California Historical Landmark
- Official name: Salvador Vallejo Adobe
- Designated: December 16, 1952
- Reference no.: 501

= Salvador Vallejo Adobe =

Historic building in Sonoma, California

The Salvador Vallejo Adobe is a historic building located in Sonoma, California in the United States. The building is a California Historic Landmark.

==History==

The home was originally built by "Indian laborers" for Salvador and María de Carrillo Vallejo. The home was built circa 1836. Carrillo Vallejo decorated interior with imported furniture, embroidery (made by Indian servants), engravings, and Catholic art. Edwin Bryant described the parlor as being decorated with "handsome chairs, sofas, mirrors and tables of mahogany frame work and a fine piano , the first I have seen in the country." The house was considered very luxurious at the time. When the Bear Flag Revolt took place, the insurgents occupied the house. Saldavor Vallejo was captured and held at Sutter's Fort. After the revolt, the Vallejo's struggled to reclaim their property. The family decided to move to Napa, California.

After the Vallejo's moved to Napa, the adobe was used as barracks for American soldiers. It then became a Presbyterian co-ed boarding school called Cumberland College from 1858 until 1864. In February 1867, the main wing of the house was destroyed in a fire. The structure that remains today are the former servant quarters.

The building was owned by the Aguillon family. However, by June 1952, John West owned the adobe. West and his wife lived in San Francisco and used the property as a weekend home. The structure was named a California Historic Landmark on December 16, 1952. A Mrs. Albert Magnum also lived in an apartment on the property in 1952.

The building has served as a retail establishment, a Masonic temple, a post office, and a courthouse. Today, the building houses a restaurant, a retail shop, and an upstairs residence.

==Architecture==

The adobe structure is located on the westside of the historic Sonoma Plaza.

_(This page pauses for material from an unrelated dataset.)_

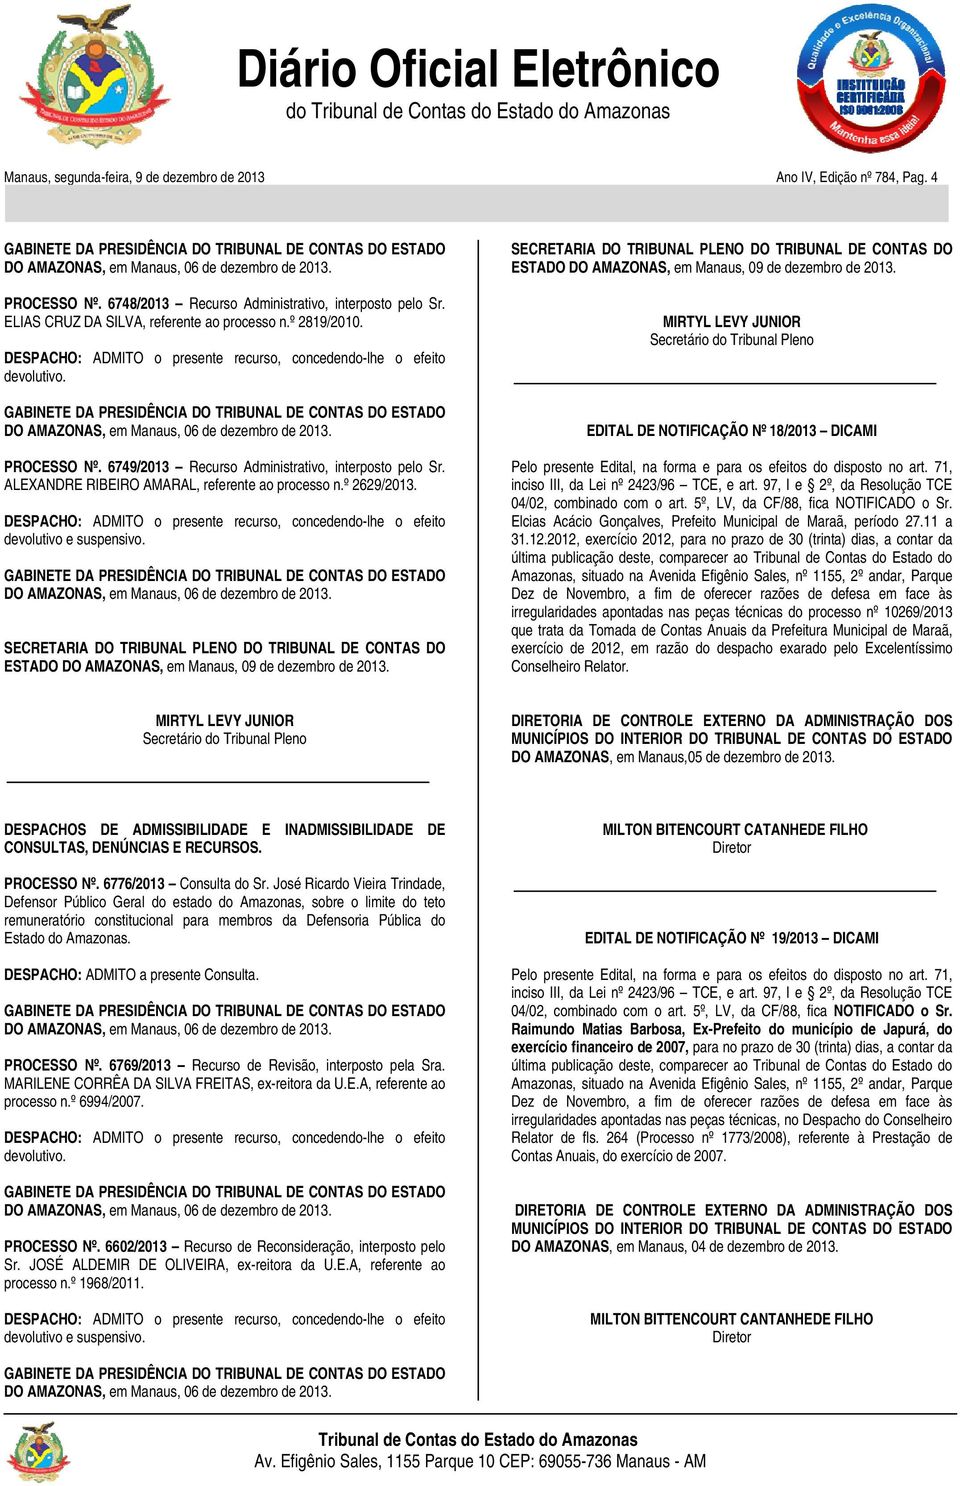 6749/2013 Recurso Administrativo, interposto pelo Sr. ALEXANDRE RIBEIRO AMARAL, referente ao processo n.º 2629/ DESPACHO: ADMITO o presente recurso, concedendo-lhe o efeito devolutivo e suspensivo.

In 1951, then owner John West hired a carpenter to add build a balcony over the sidewalk. The balcony, which remains today, extends from the north to south side of the building facing the Sonoma Plaza. They also installed window shelving, tile flooring, fluorescent lights, and redwood siding on the walls.

The West's also installed a large garden on the west side of the property. It included a redwood shrine to the Virgin Mary. Today, it serves as an al fresco dining area for the Sonoma Caffé restaurant.

A large plaque designating it a California Historic Landmark is adhered to the front of the building.